DATA FOR THIS EXERCISE:
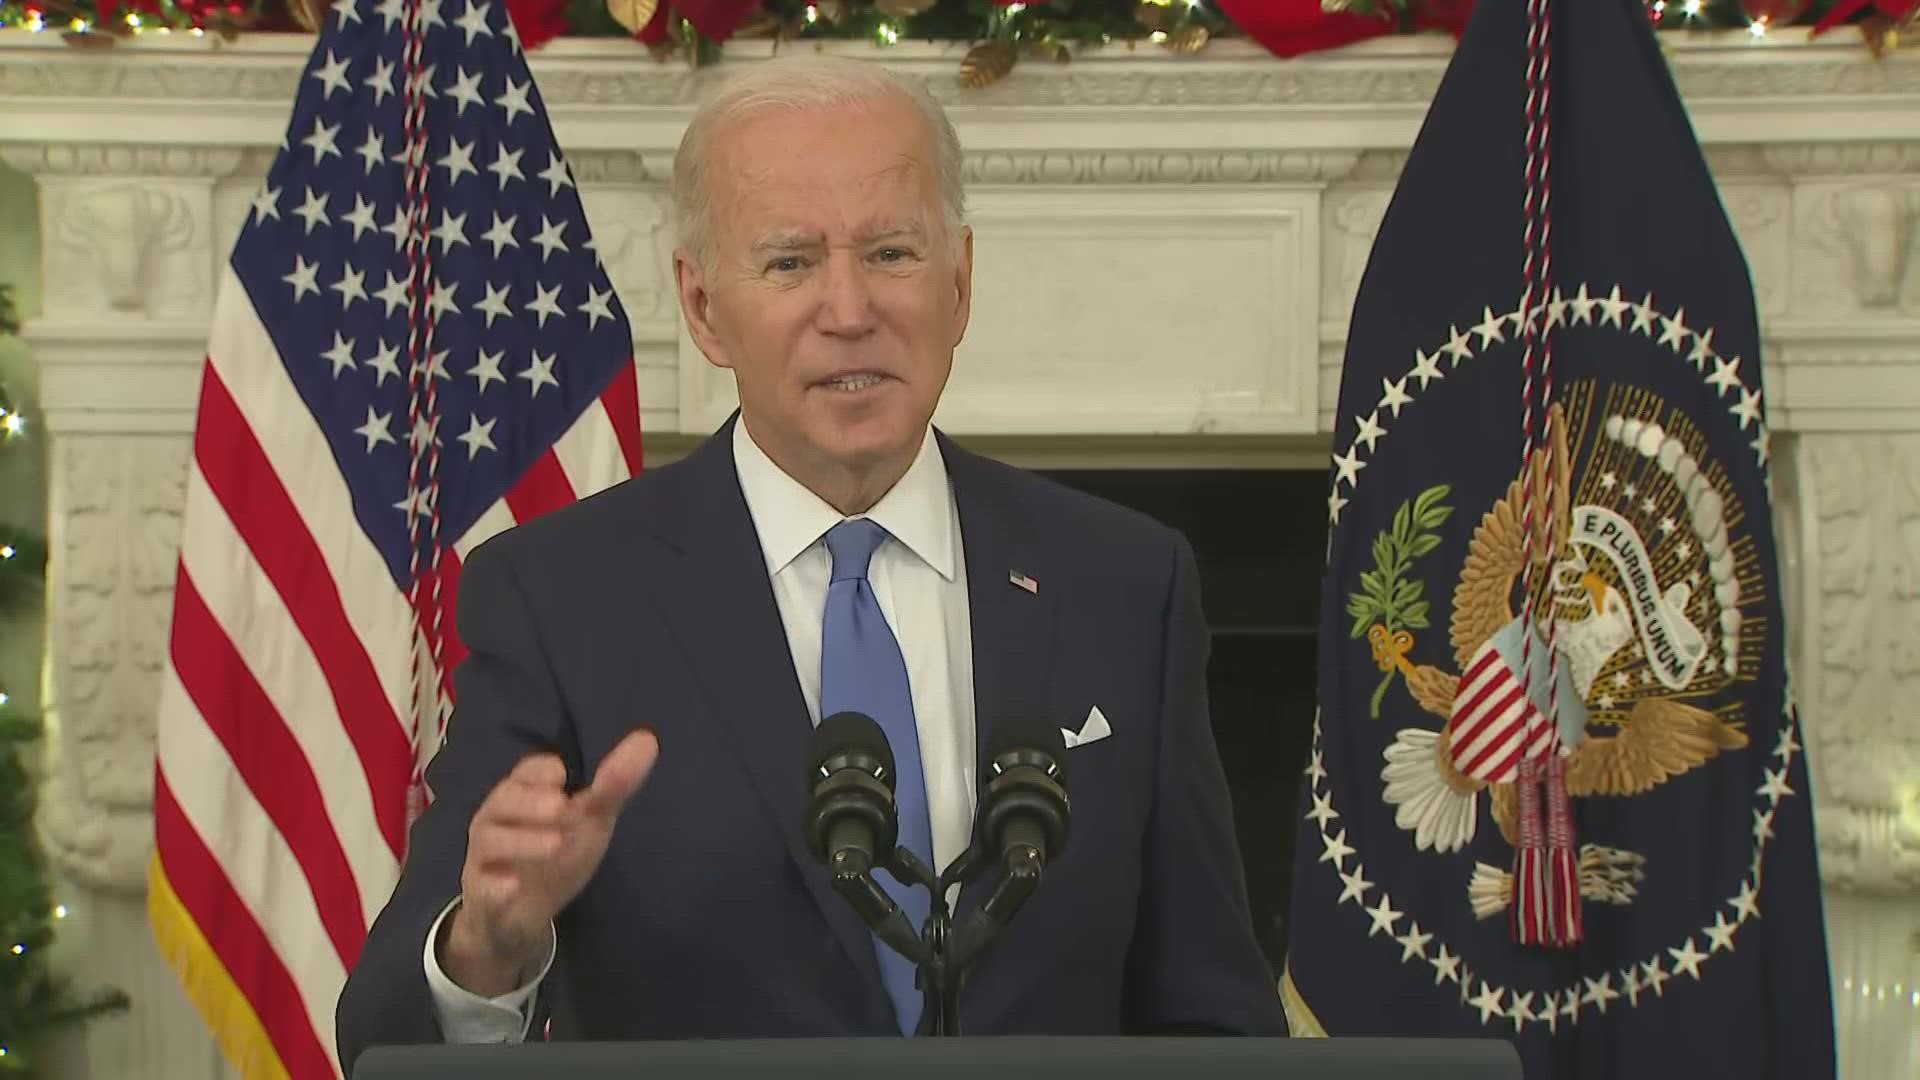 Biden said vaccination mandates are unpopular but will save lives and keep schools open. He urged schools to also follow CDC guidelines.
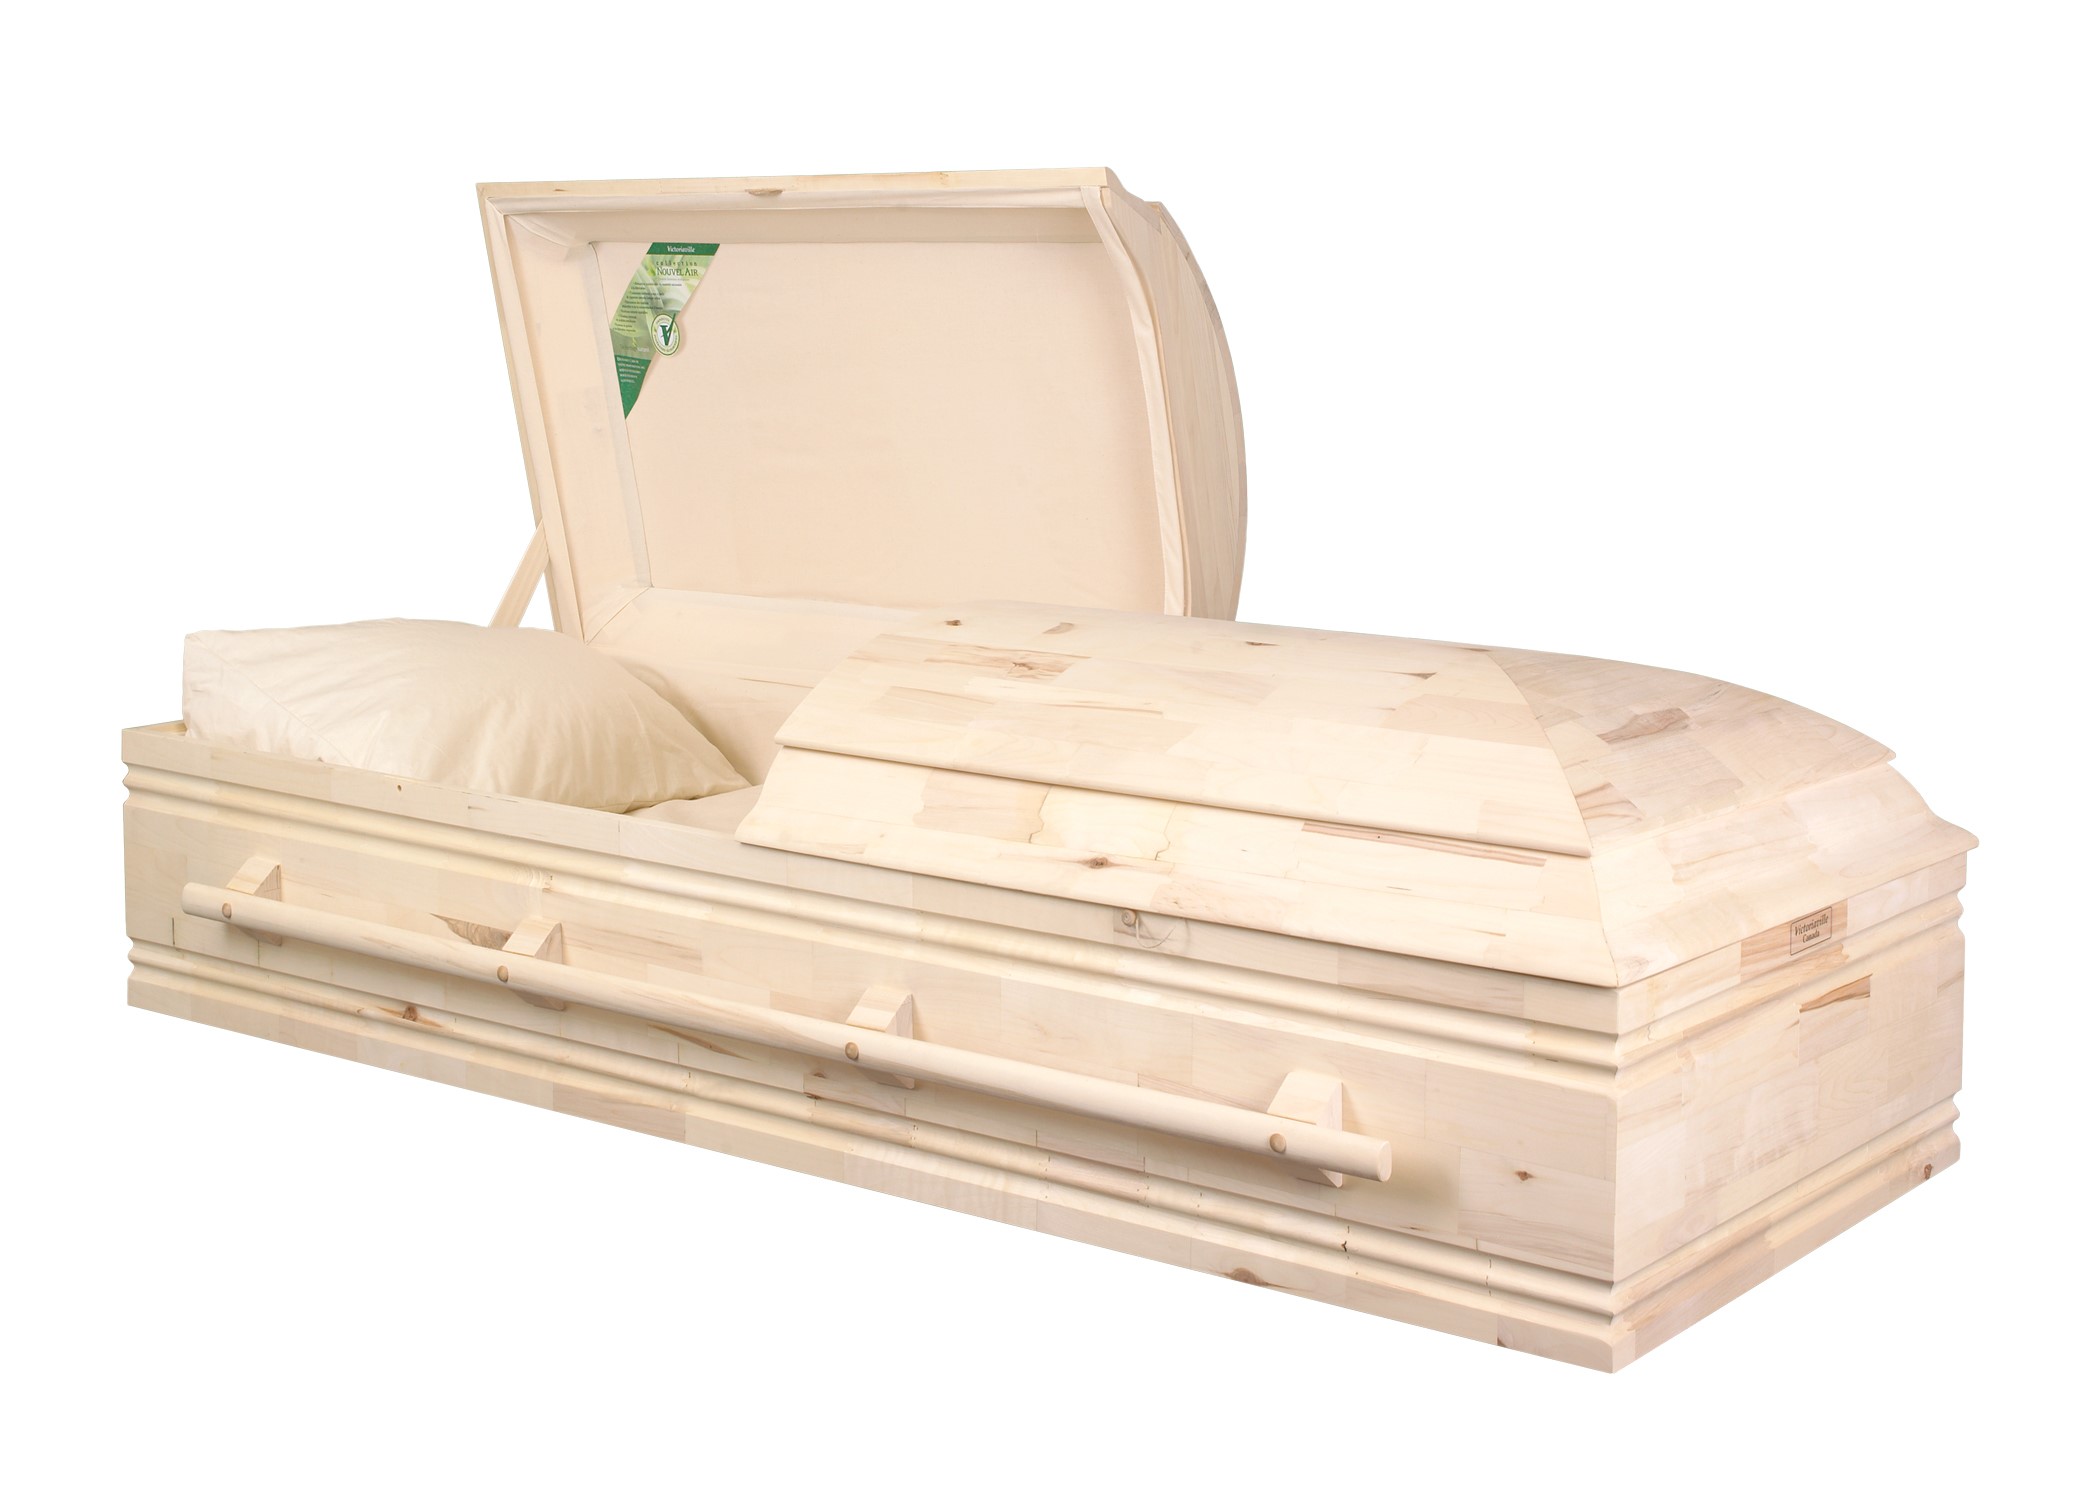 NATURA
Poplar wood casket,finger-joined construction
Natural finah without colour treatment
Natural cotton interior with excelsior bed

YOUR TASK: Find the lines above with the word "Natural". Copy them out.

FINISHED EXERCISE:
Natural finah without colour treatment
Natural cotton interior with excelsior bed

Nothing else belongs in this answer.